16th Mayor of Norwalk, Connecticut
- In office October 13, 1915 – 1917
- Preceded by: Francis Irwin Burnell
- Succeeded by: Jeremiah Donovan

Personal details
- Born: December 20, 1863 Västerås, Sweden
- Died: January 24, 1926 (aged 62) Norwalk, Connecticut
- Party: Republican
- Spouse: Lee Selden Partridge(d . August 27, 1926)
- Children: Frances (b. 1890), Carl Eric (b. 1892)
- Alma mater: Peekskill Military Academy (1880) Hobart College (A.B., 1886; M.A., 1889) Yale College (1899, PhD.)
- Occupation: educator

= Carl Harstrom =

American educator and mayor

Carl Axel Harstrom (December 20, 1863 – January 24, 1926) was an American educator, and one-term Republican mayor of Norwalk, Connecticut, from 1915 to 1917.
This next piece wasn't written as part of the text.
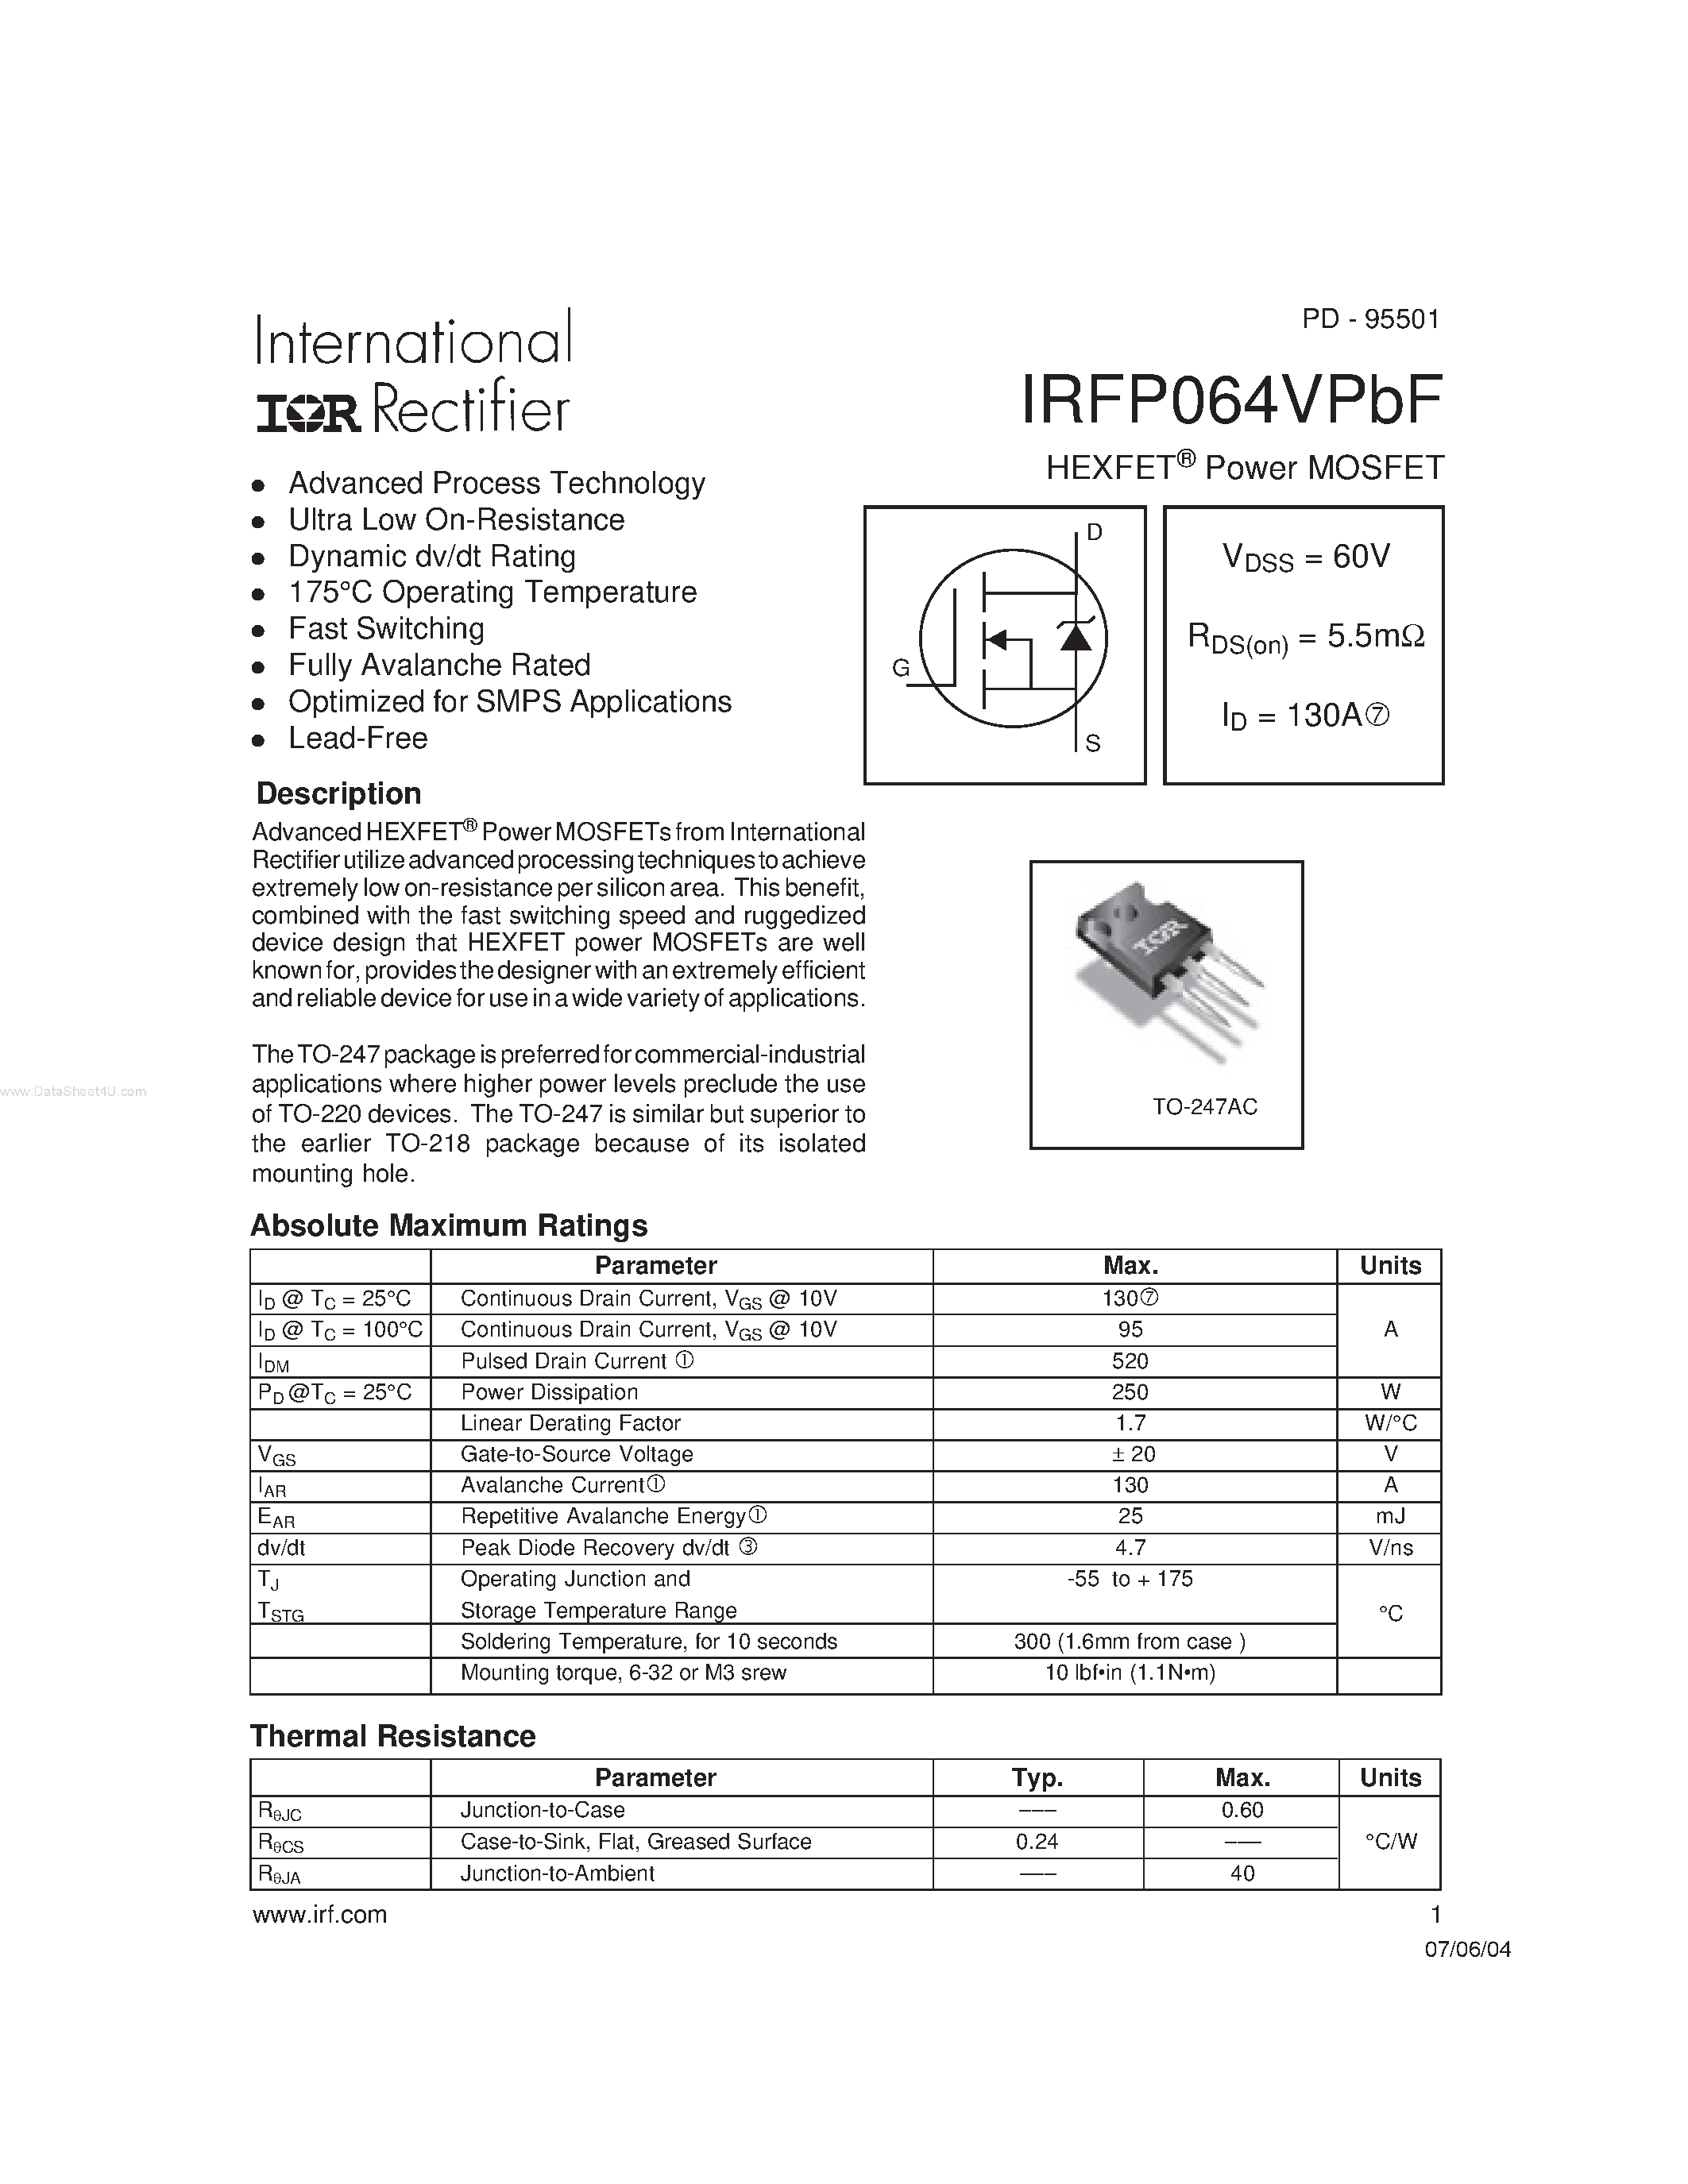 Даташит IRFP064VPBF - HEXFET Power MOSFET страница 1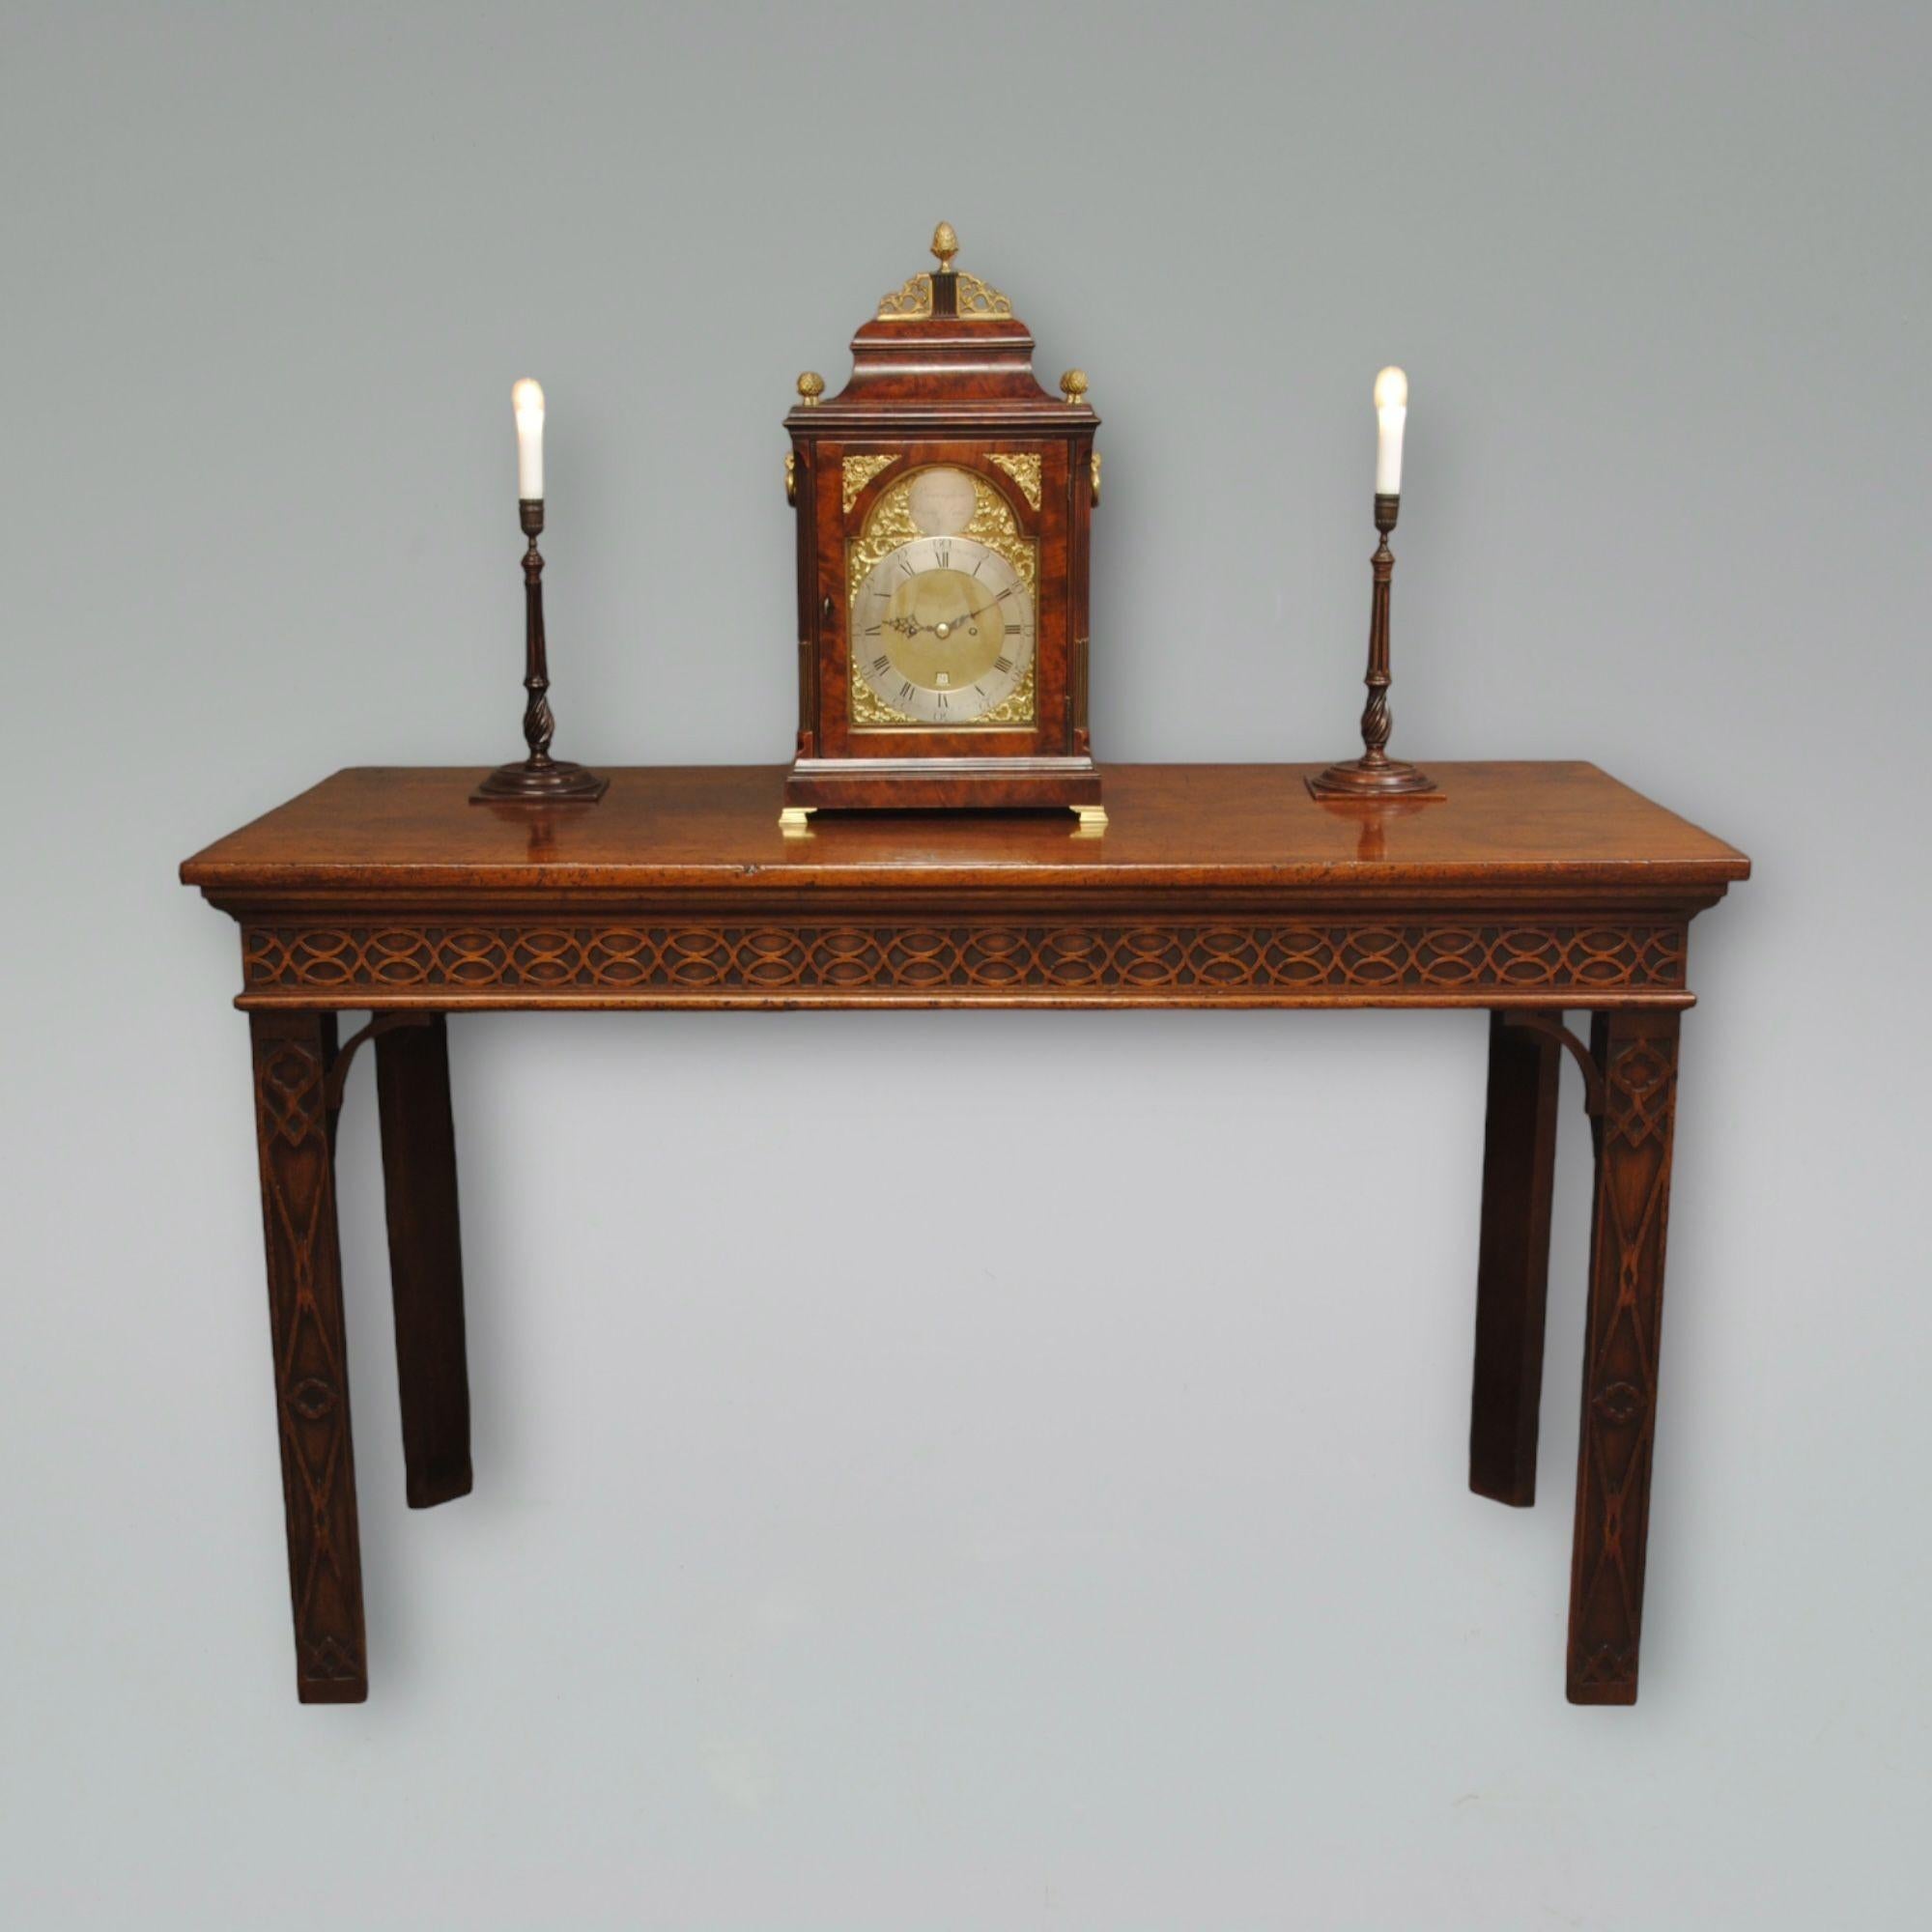 Chippendale Period Mahogany Serving Table In Good Condition For Sale In Lincolnshire, GB

== Early life and family ==
Harstrom was born in Västerås, Sweden. He was the son of Carl Gustaf and Amelia Adolphina Fosberg Harstrom. His father was a manufacturer in Sweden who brought his family to America in 1872, when Carl Axel was nine years of age. He attended the Peekskill Military Academy, and graduated in 1880. He taught school for two years before entering Hobart College. He graduated as valedictory orator and with magna cum laude honors. He earned an A.B in 1886, and an M.A. in 1889. He served as headmaster at the Peekskill Academy for three years, and principle of Vienland Preparatory School for four years. On June 20, 1888, Professor Harstrom married Lee Selden Partridge of Phelps, New York.

== Life in Norwalk ==
He moved to Norwalk in 1891 to take a position as headmaster of the Norwalk Military Academy. He started his own private preparatory school for boys in Norwalk in 1893.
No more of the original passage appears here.